10. Dangerous Behavior
The World Health Organization classifies tanning beds as a Level 1 carcinogen, the same level as plutonium and cigarettes. California passed legislation in 2011 banning teenagers from using tanning beds, as skin damage is cumulative, those who use tanning beds in their younger years are more at risk.
9. Grandpa Caveman
According to genetic researchers, all non-Africans are part Neanderthal and have residual Neanderthal DNA. You can get DNA testing to tell you how much Neanderthal you are as well as your ancestral lineage, and any potential genetic health problems.
8. Banana Equivalent Dose
Bananas—specifically, the potassium present in bananas—give off enough radiation that a truckload of them can cause false alarms when checking for nuclear materials at US ports.
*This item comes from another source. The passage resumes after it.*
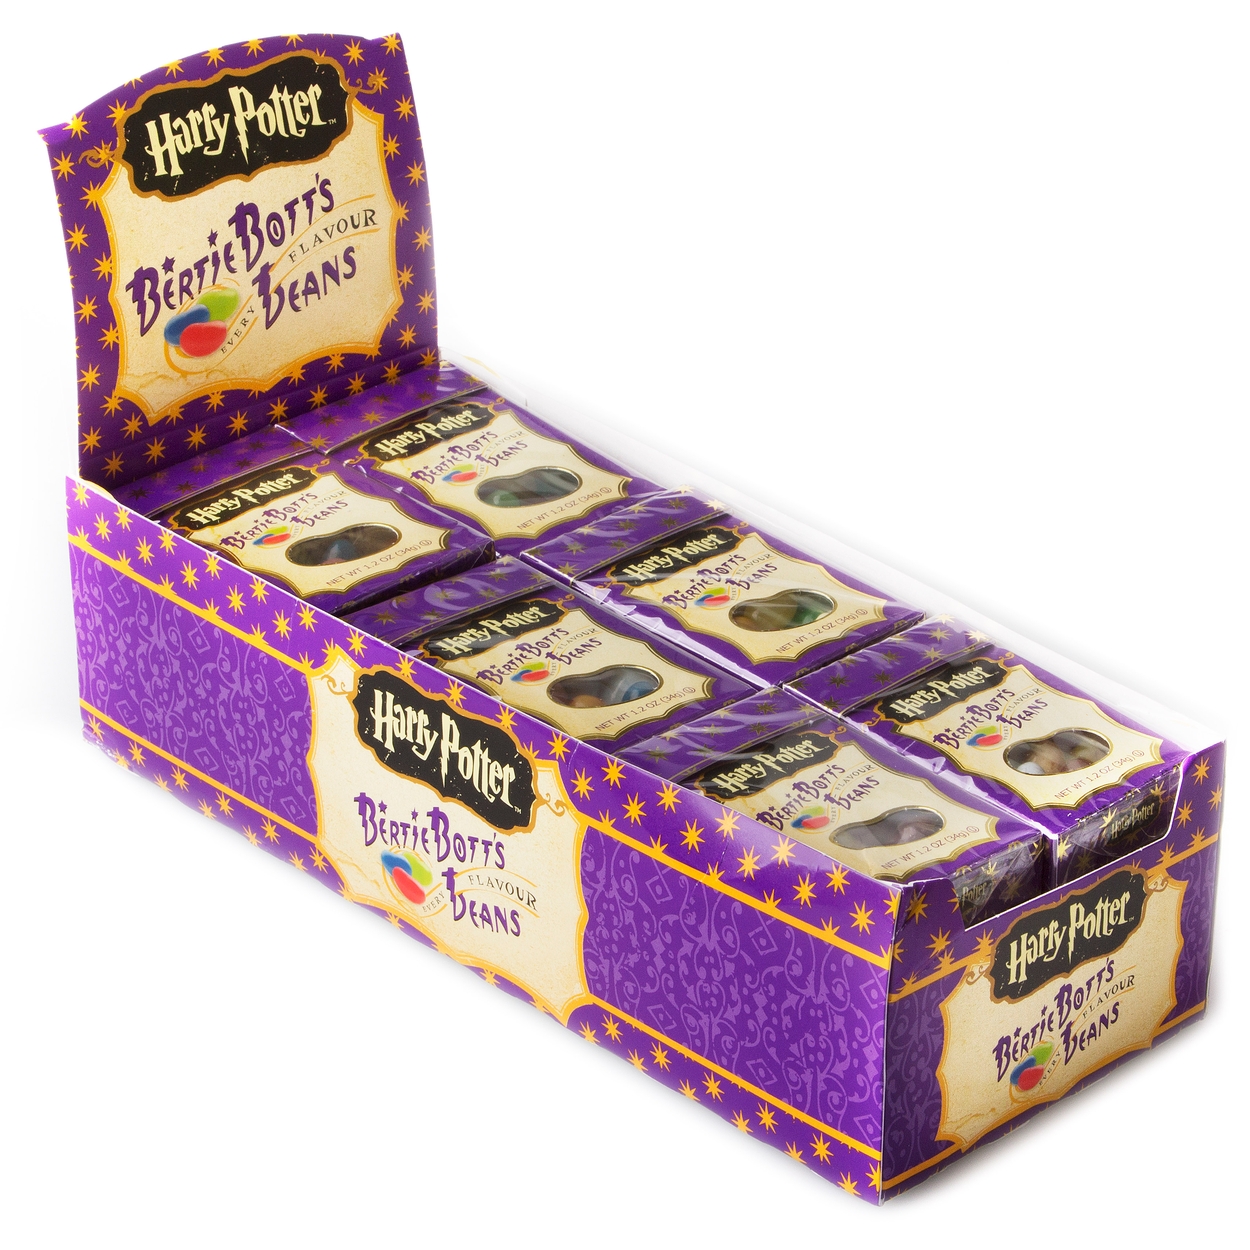 Harry Potter Bertie Bott's 'Every Flavour' Jelly Beans - 24CT Box
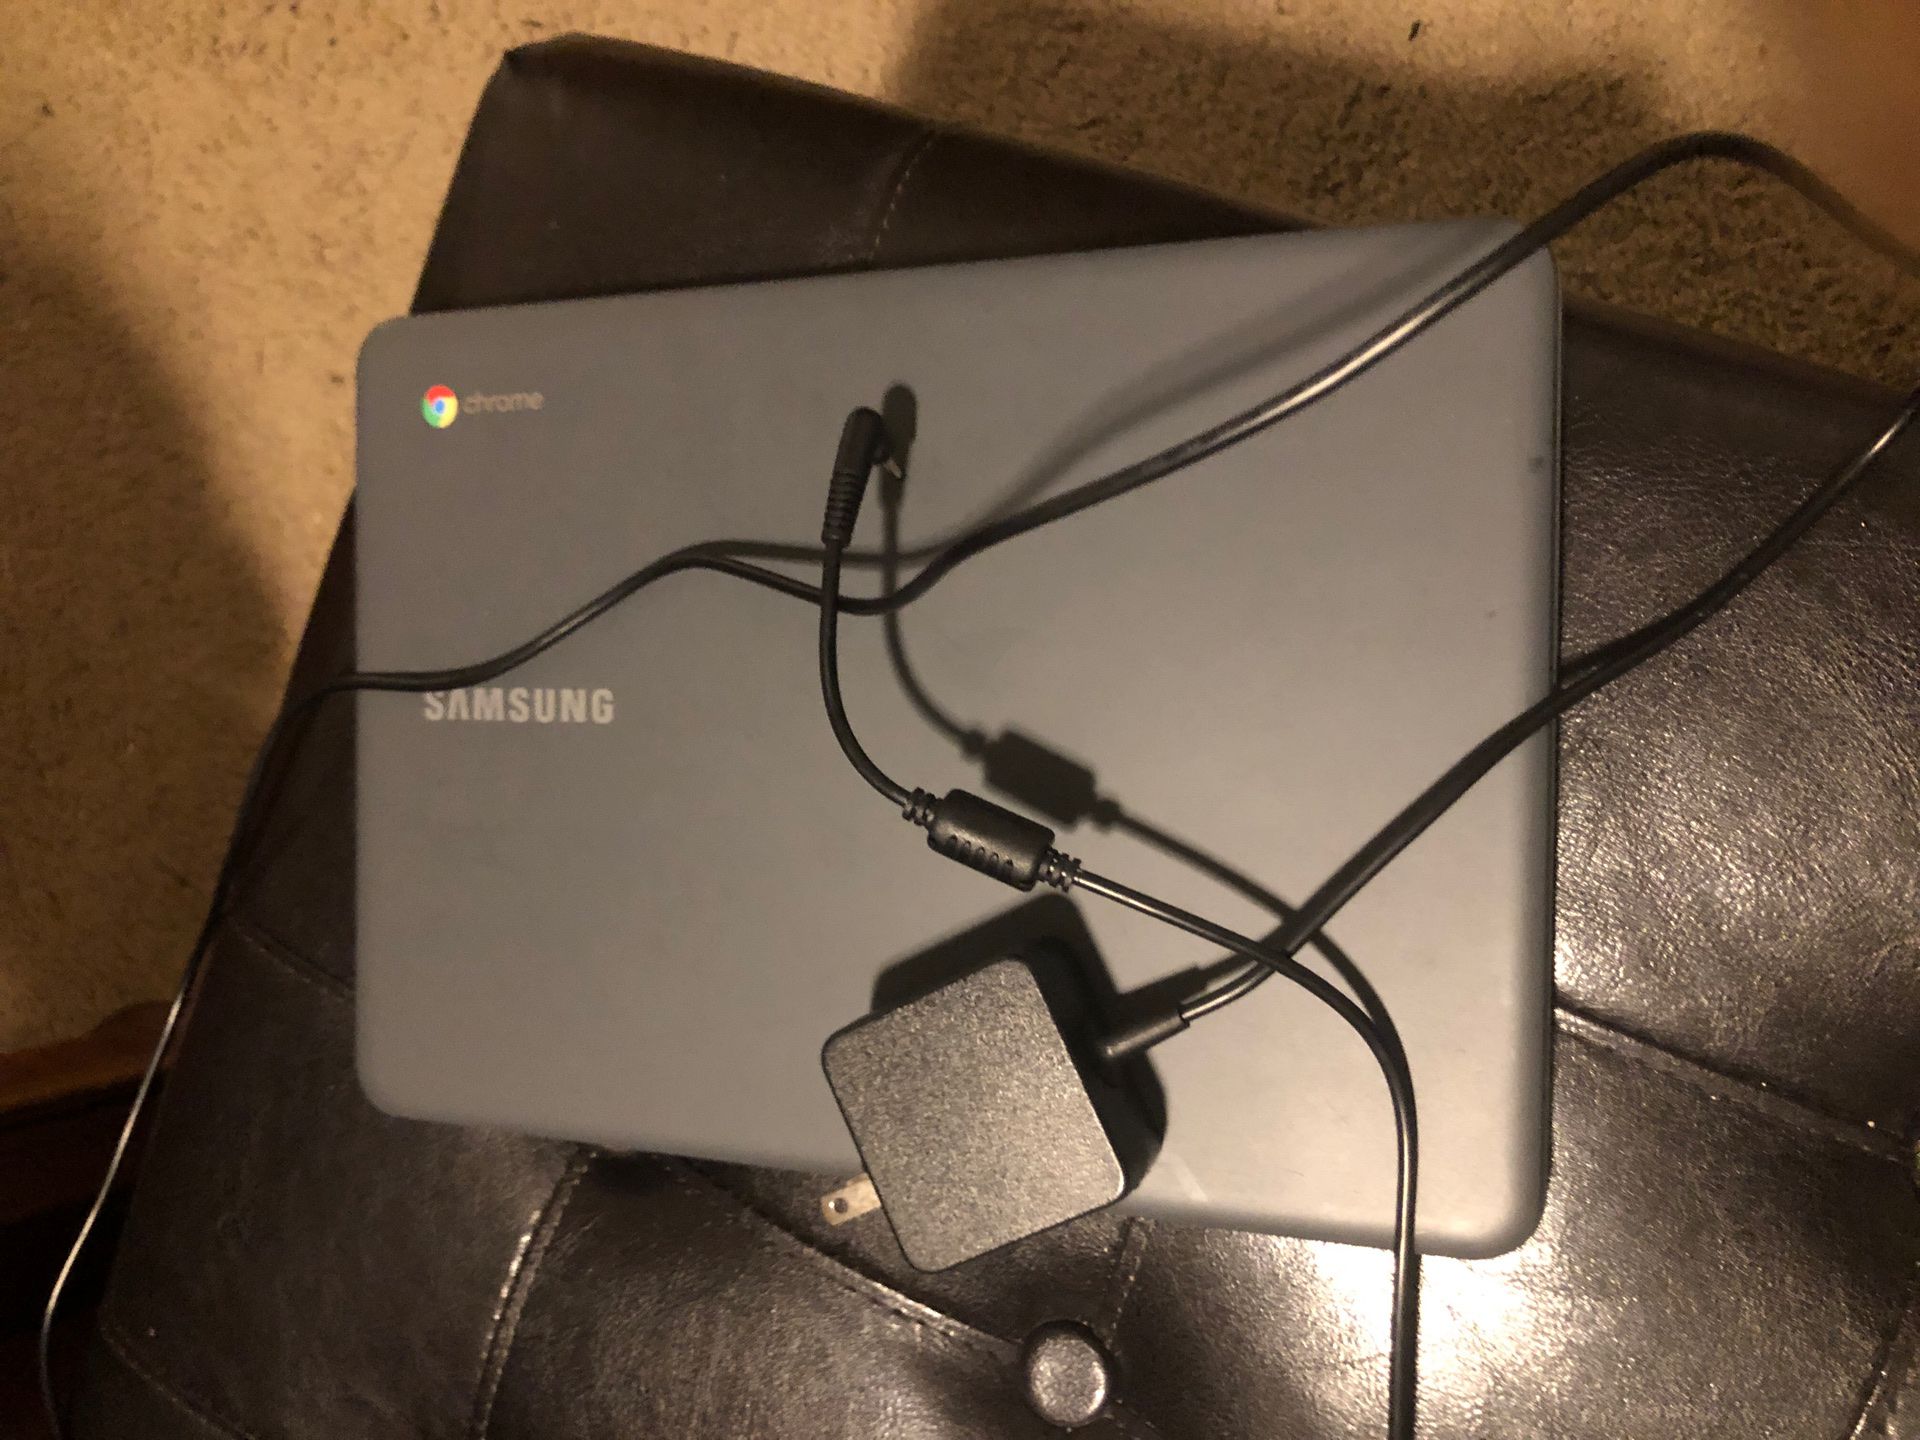 Chrome book and charger

The amount of radiation in a single banana (or even in a whole bunch) is completely safe for humans to be around.
7. Scientific Progress
In the last 40 years, the overall survival rate for children’s cancer has increased from 10% to nearly 90% today. The survival rate for rare cancers is still far lower, and much more research is needed.
6. Sounds Terrible
Guam’s jungles have as many as 40 times the amount of spiders as nearby islands due to a lack of forest birds. The decline in bird population is attributed to the accidental introduction of the brown tree snake in 1940.
5. Blaming Himself
Bob Ebeling, one of the main engineers behind NASA’s Challenger rocket, revealed that after NASA would not heed his warnings against launching in the cold weather, he told his wife the night before the launch, “It’s going to blow up.” The next day, on January 28, 1986, the Challenger exploded shortly after takeoff, instantly killing the seven astronauts aboard.
4. Feels So Good
The brain releases so much dopamine during orgasms that brain scans can resemble those of someone on heroin.
3. Misguided Theories
Before the theory that birds migrated during winter, the question of where exactly birds disappeared to was a contentious one. Naturalists posited that birds hibernated at the bottom of the ocean—or turned into mice during the winter.
2. Spontaneous Combustion
A solar plant in the Mojave Desert in California generates so much heat that it can incinerate birds in mid-flight. Between 1,000 and 28,000 birds are killed each year (depending on whether you ask the plant itself, or groups advocating for the birds).
1. Times Have Changed
In the early 1980s, the Vatican invited Stephen Hawking to a conference where he had an audience with the Pope. Pope John Paul II had trouble understanding Hawking and knelt down beside his wheelchair to hear him better, prompting one scientist to comment that “things certainly have changed since Galileo.”